Влад внутренне насмехался над турецкой осторожностью.

– Там не воины, а посланцы, – повторил он и уже хотел пустить коня вперёд, навстречу незнакомцам, но начальник отряда, угадав это намерение, ухватил своего неугомонного подопечного за пояс, на котором висел меч.

Если бы Влад сейчас пустил коня в галоп, то просто вылетел бы из седла и оказался на земле в очень глупом виде.

– Влад-бей, ты дал обещание и мне. Обещал, что будешь заботиться о сохранности моей головы, – сказал Челик, уже совсем хмурый. – Значит, твоё слово легковесно?

– Хорошо, мы возвращаемся к войску, – вздохнул Влад и стал поворачивать коня.

– Если всё же решишь поступить как глупец, то знай, что у меня аркан наготове, – предупредил Челик. – Я не дам тебе ехать в такую сторону, где тебя ждёт опасность.

Войко – следивший за ходом беседы молча, как и полагается слуге, – тоже повернул коня. Лицо Войко как будто ничего не выражало, но Влад почему-то подумал, что юный серб, почти не умевший драться, уж точно не позволил бы Челику набросить аркан.


* * *

Неизвестные верховые, замеченные возле румынской столицы, действительно оказались посланцами. Главных было четыре – скромно одетые бородачи. Остальные одиннадцать – не бородачи, а усачи – составляли свиту, чтобы посольство выглядело внушительнее.

«Неужели эти люди не знают, что туркам покажется внушительной лишь та свита, которая больше сотни? – подумал Влад и сам себе возразил: – Нет, наверняка посланцы всё знают, но боятся попасть в плен, и поэтому ехать никто больше не вызвался». Такое предположение невольно приходило на ум, ведь посольство из Тырговиште озиралось так, будто оказалось посреди волчьей стаи. И всё же приехавшие могли считаться смельчаками.

Вызывало уважение и то обстоятельство, что пятнадцать человек заставили остановиться всё турецкое войско. Конечно, они не прямо заставили, но посланцев требовалось принять, а это не подобает делать на ходу.

Предводитель войска Караджа-бей выслушал их, по-прежнему оставаясь в своих носилках. Теперь эти носилки стояли на земле, а тот, кто в них находился, сидел, как султан на троне, скрестив ноги среди подушек. Владу принесли раскладной стул и поставили на траве немного в стороне справа, чтобы будущий румынский князь тоже слушал.

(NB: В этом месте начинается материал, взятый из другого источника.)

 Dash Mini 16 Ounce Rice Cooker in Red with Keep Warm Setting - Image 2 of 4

Посланцы говорили только по-румынски. Караджа-бей не понимал румынскую речь, поэтому рядом с ним кроме многочисленных военачальников, стражи и слуг находился толмач, переводивший на турецкий. Влад турецкую речь понимал, как и румынскую, из-за чего невольно выслушивал всё дважды.

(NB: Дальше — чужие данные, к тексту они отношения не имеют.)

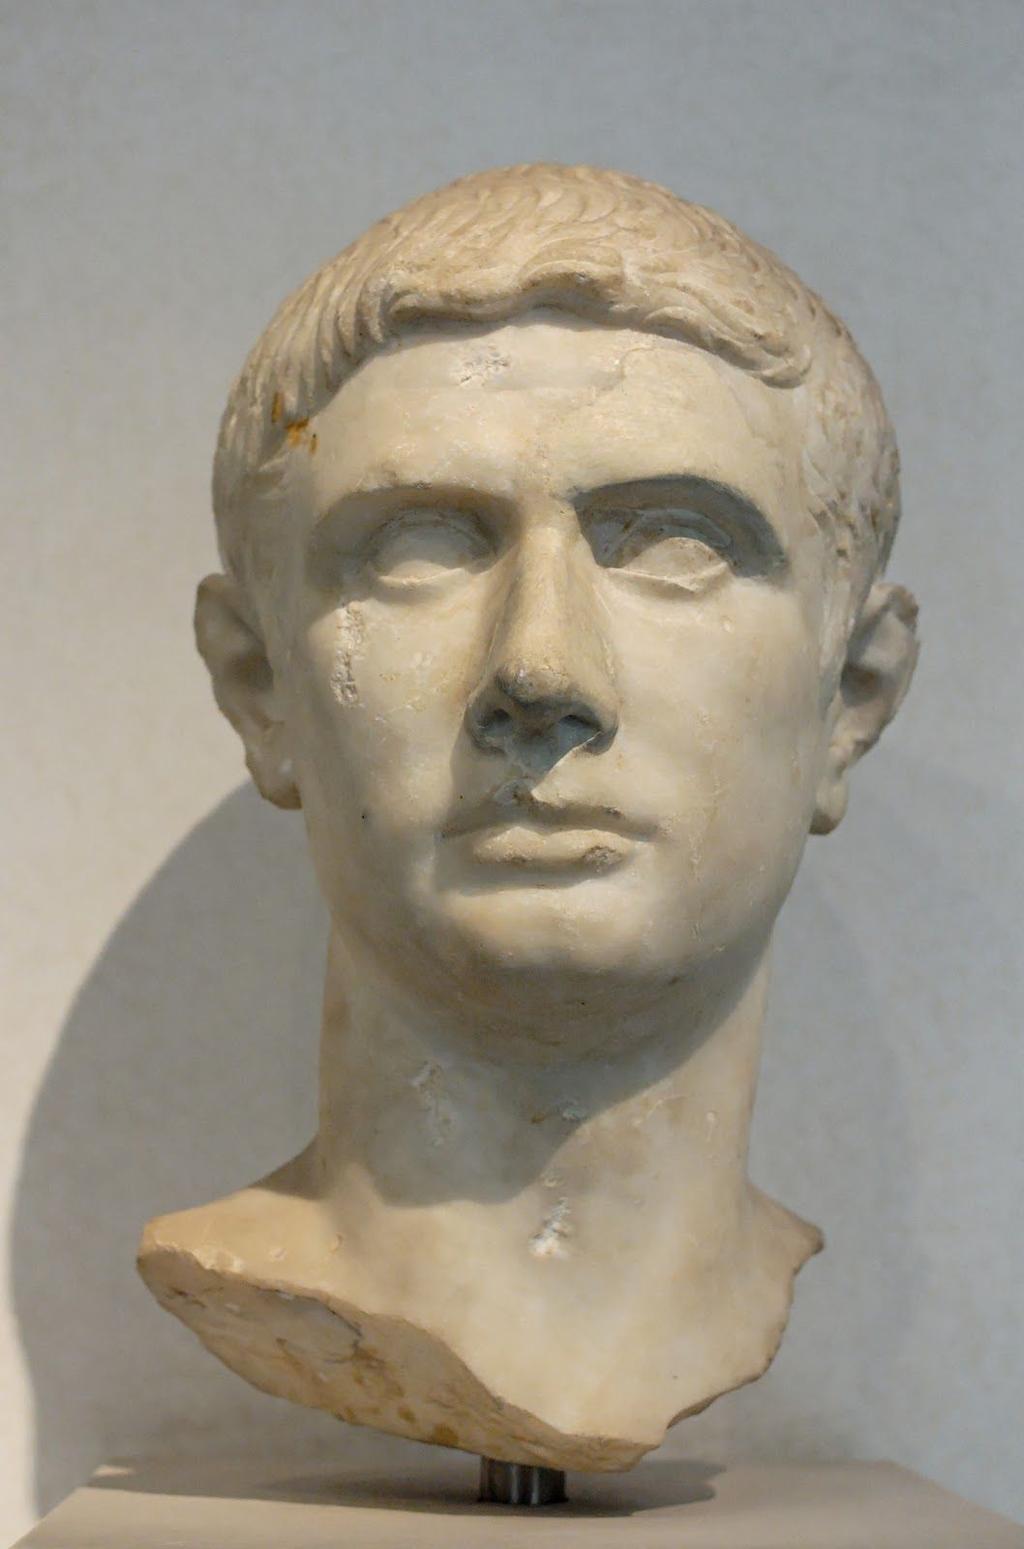 Octavian Octavian is the adopted son of Caesar and his adoptive father has groomed him as a political ally and successor.

– Кто вас прислал? – спросил Караджа-бей, и четыре главных посланца ответили, что они полномочны говорить от имени всех горожан Тырговиште.

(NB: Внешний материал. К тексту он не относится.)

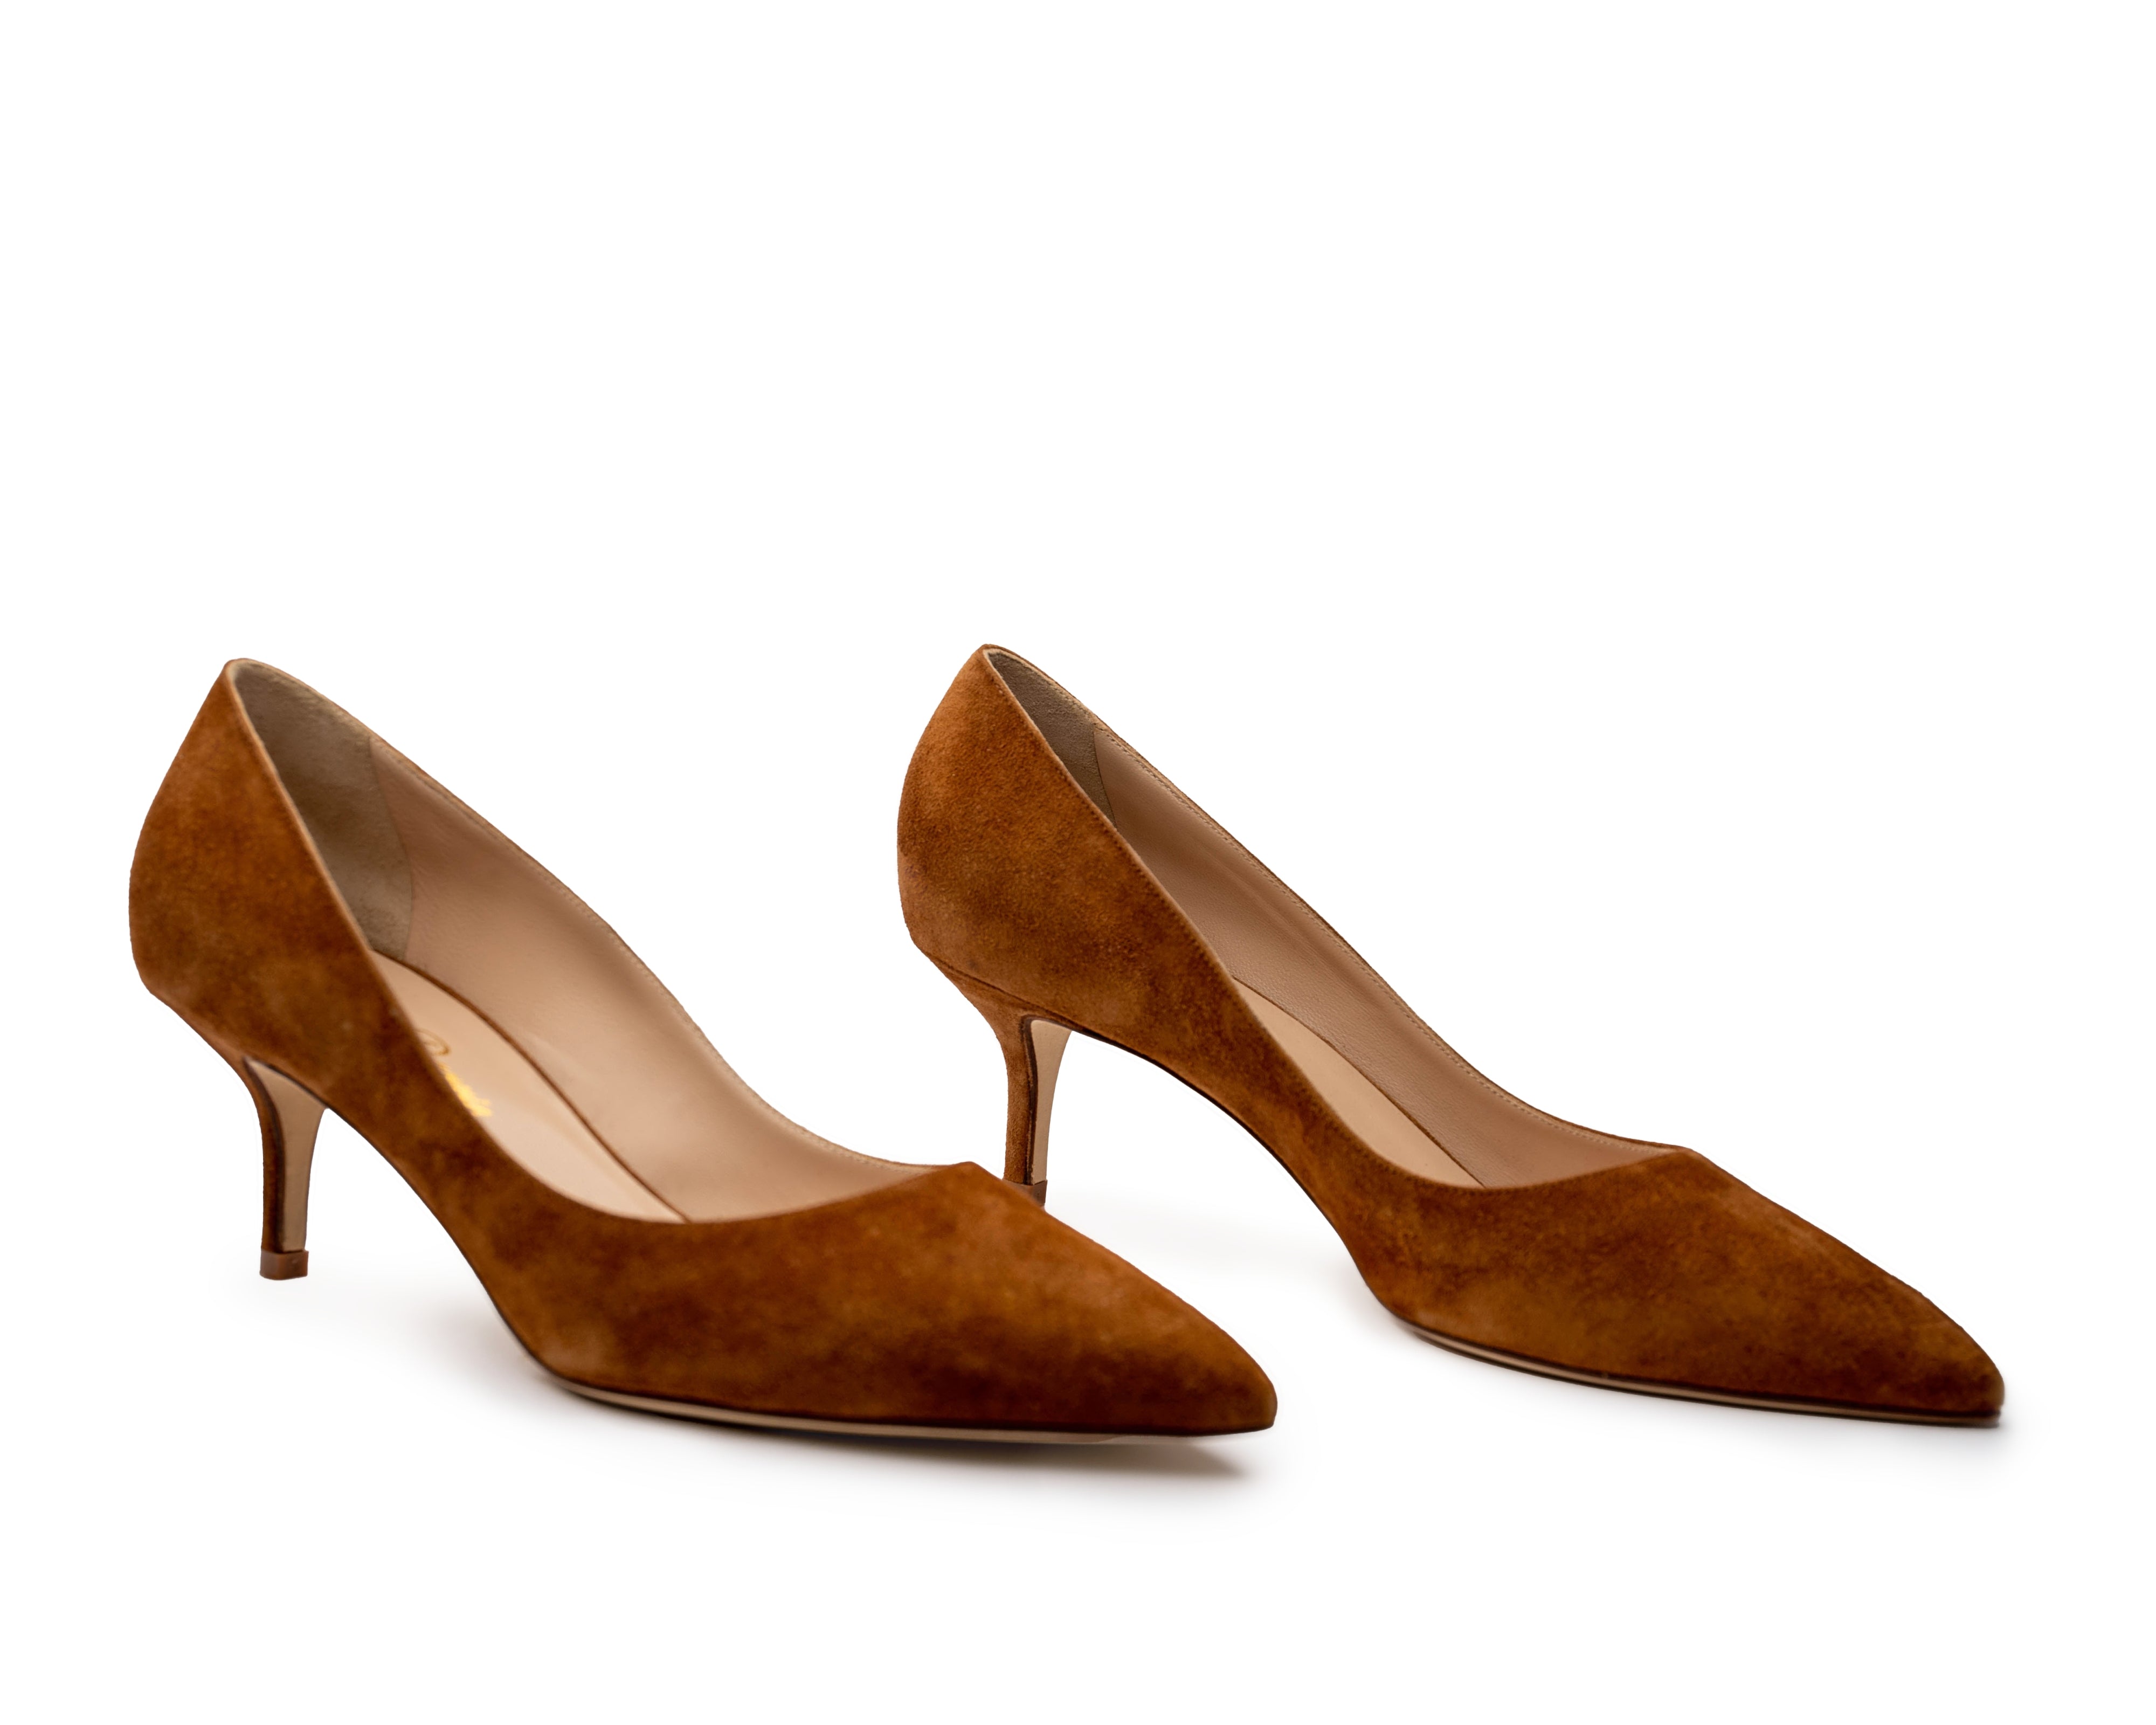 Italian Nappa leather pumps. Comfortable shoes true to your skin tone. Office Professional shoes. Nude pumps

Услышав это, Влад чуть не вскочил. Беседа только началась, а уже стало ясно самое главное. Посланцев отправил не Владислав, а простые «горожане». Значит, Владислава в Тырговиште нет! А где он? Где он мог находиться в то время, когда его столица вот-вот грозила оказаться захваченной?!

Об этом же спросил посланцев и Караджа-бей, на что было отвечено: Владислав сейчас за горами, в венгерских землях, то есть в Трансильвании, а когда же вернётся, никому неведомо.

«Значит, сбежал! Трусливо сбежал! – промелькнула мысль у Влада. – Ты всё боялся драться с Владиславом, а он сам тебя боится!» Конечно, юнец тут же себе возразил, что этот трус испугался не девятнадцатилетнего противника, а большую турецкую армию, но произошедшее всё равно казалось удивительным. Получалось, что мужества у Владислава куда меньше, чем у самого Влада, ведь трус сбежал уже дважды.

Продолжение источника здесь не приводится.